Even if the piston is burned out and locked up, it can be rebuilt.


----------



## woodtickgreg (Mar 18, 2022)

Joker9 said:


> Is this time to say goodbye?


I wouldn't think so. Can you pull it over with the plug in it? It may just be good compression.

Reactions: Like 1


----------



## Joker9 (Mar 18, 2022)

the compression with plug in is very hard to turn over


----------



## Mr. Peet (Mar 18, 2022)

Joker9 said:


> the compression with plug in is very hard to turn over


Around here, Stihl dealers inspect the saw and give an estimate for repair for free. Check with your local dealers.

Reactions: Agree 1


----------



## Nature Man (Mar 18, 2022)

I had good luck a few years back with Bailey’s Forestry for repair of my Stihl 034 Chainsaw. Another option for you if there is one nearby. With the cost of Stihl products, I certainly would not pitch this chainsaw! Chuck


----------



## Joker9 (Mar 19, 2022)

Thank you all for your advice. I will be taking it in for an estimate.

Reactions: Like 1


----------



## JerseyHighlander (Mar 19, 2022)

Any idea as to the history of it's use? What 2 cycle oil was used, & more importantly, the mix ratio? What you're describing sounds like heavy carbon deposits on the rings/cylinder wall and in the cylinder ports. Too many people out there "think" more 2 cycle oil is just more protection or just eye the mix ratio and it produces a lot of carbon. The top of the piston may not show the true level of build up.
Add in several years of lack of use and cheap 2 cycle oil turning to gum and maybe all you need is to wash it out with the proper solvent.
Remove the muffler, raise the piston to where you can see the rings and dribble in just enough of a mixture of 50/50 acetone & transmission fluid.

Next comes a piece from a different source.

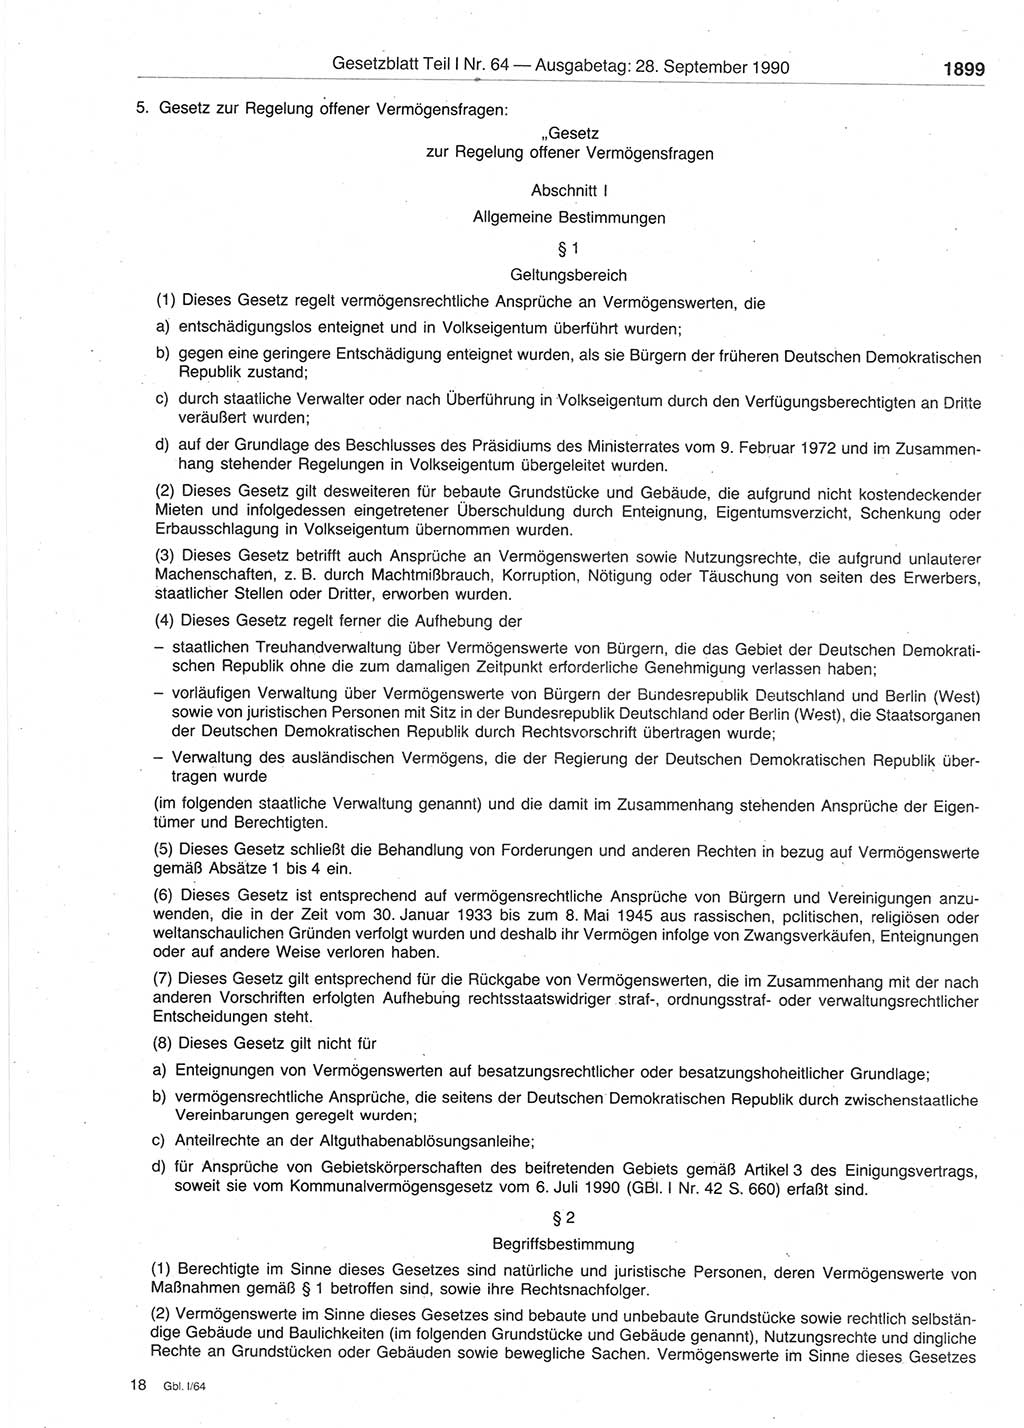 Gesetzblatt (GBl.) der Deutschen Demokratischen Republik (DDR) Teil Ⅰ 1990, Seite 1899 (GBl. DDR Ⅰ 1990, S. 1899)

Let it sit, then with the plug out gently work the piston up and down. Evaluate from there.

Reactions: Useful 2


----------



## Joker9 (Mar 20, 2022)

Thank you , will try as last attempt


----------



## Karl_TN (Mar 21, 2022)

A friend gave me an 038 having the same problem. Please post back here if you find a solution that helps. This saw really needs a decompression valve.


----------



## woodtickgreg (Mar 21, 2022)

It could be just a tight motor with good high compression. That is a pretty good size saw.


----------



## Joker9 (Apr 25, 2022)

Follow up. I got the saw back from local dealer and the compression was found to be very good, The gas line and the air filter were replaced. All is well. 
PS
Dealer did noy have new saws available, on back order. Friend of mine works for Echo, and he says cant keep them on the shelf.

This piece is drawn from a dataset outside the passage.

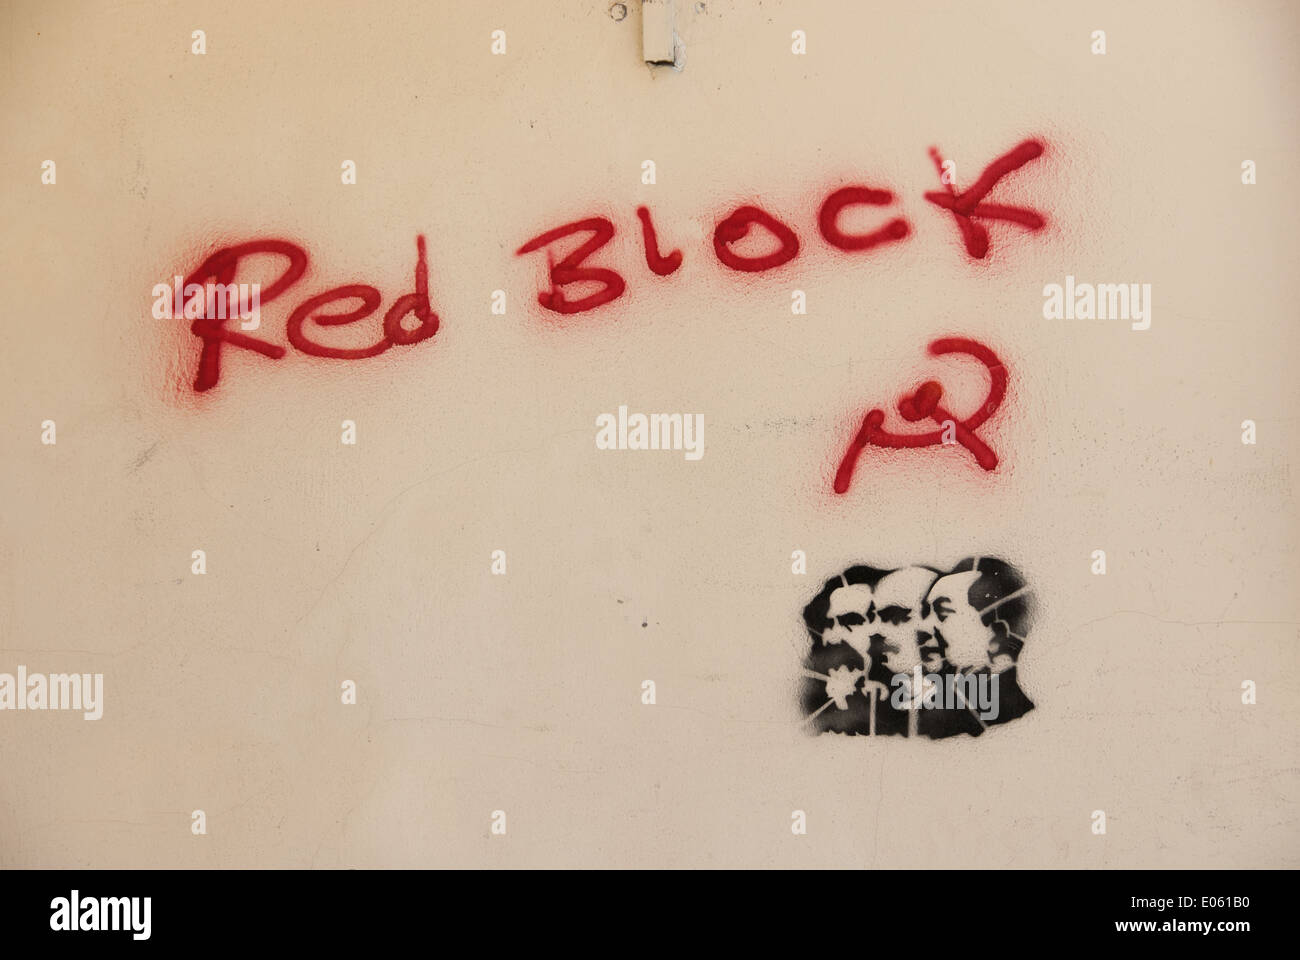 Politische Graffiti und Schablone in rot und schwarz auf braun Lichtwand Stockfoto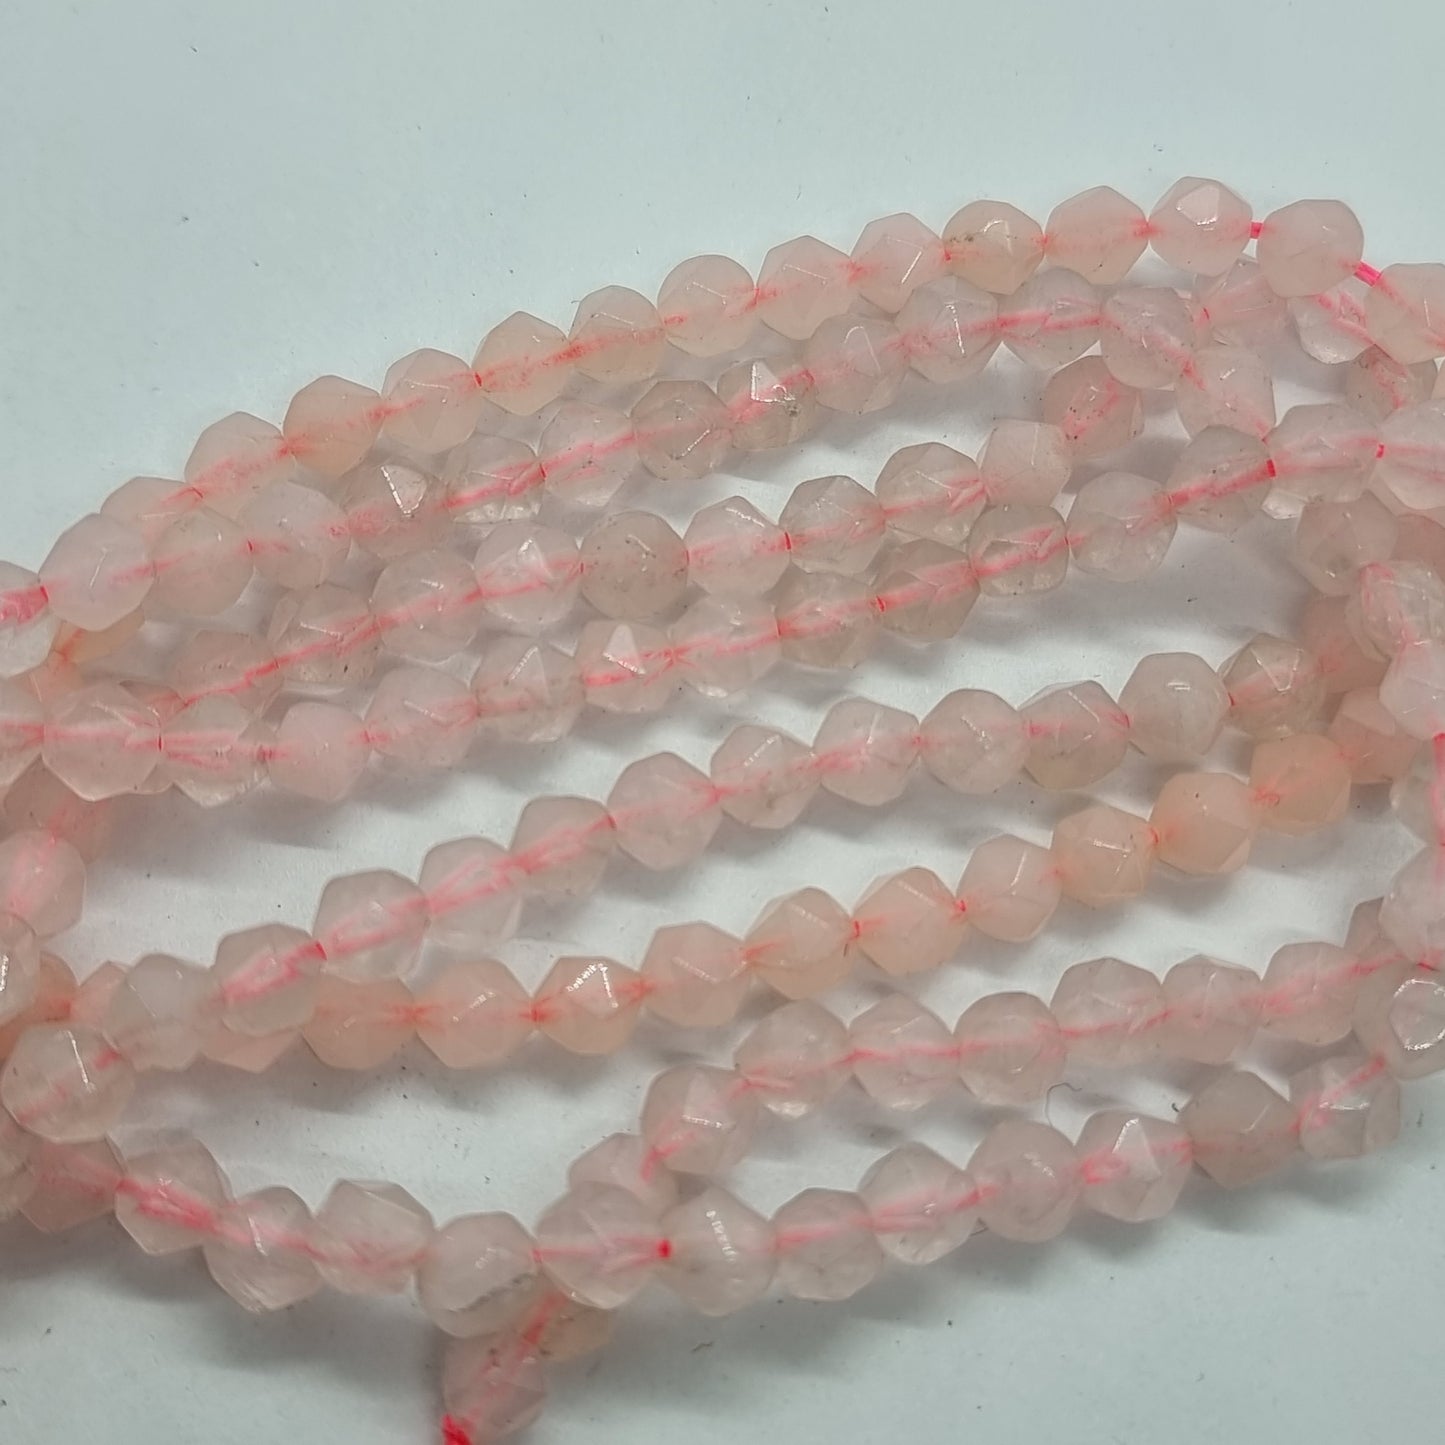 Strand of 6mm New Jade Beads

Reactions: Like 2 | +Karma 1


----------



## djg (Apr 25, 2022)

So did they get it running with just a new gas line/air filter?I have a 038 and it's my primary saw. Love it.


----------



## Joker9 (Apr 25, 2022)

Yes. saw is over 20 yes. compression surprised me.

Reactions: Thank You! 1


----------



## 2feathers Creative Making (Apr 25, 2022)

Sounds like it may have several years left in it.


----------



## Joker9 (Apr 25, 2022)

I'm impressed


----------



## djg (Apr 25, 2022)

2feathers Creative Making said:


> Sounds like it may have several years left in it.


Mine has been running since the 80s. I was hoping you wouldn't have been able to get it running on you're own and I would have been able to pick it up cheap  .


----------



## Joker9 (Apr 25, 2022)

I would have offender parts if it did not work out. But as I said, new ones are selling so hot hold on to what u got

Reactions: Like 1


----------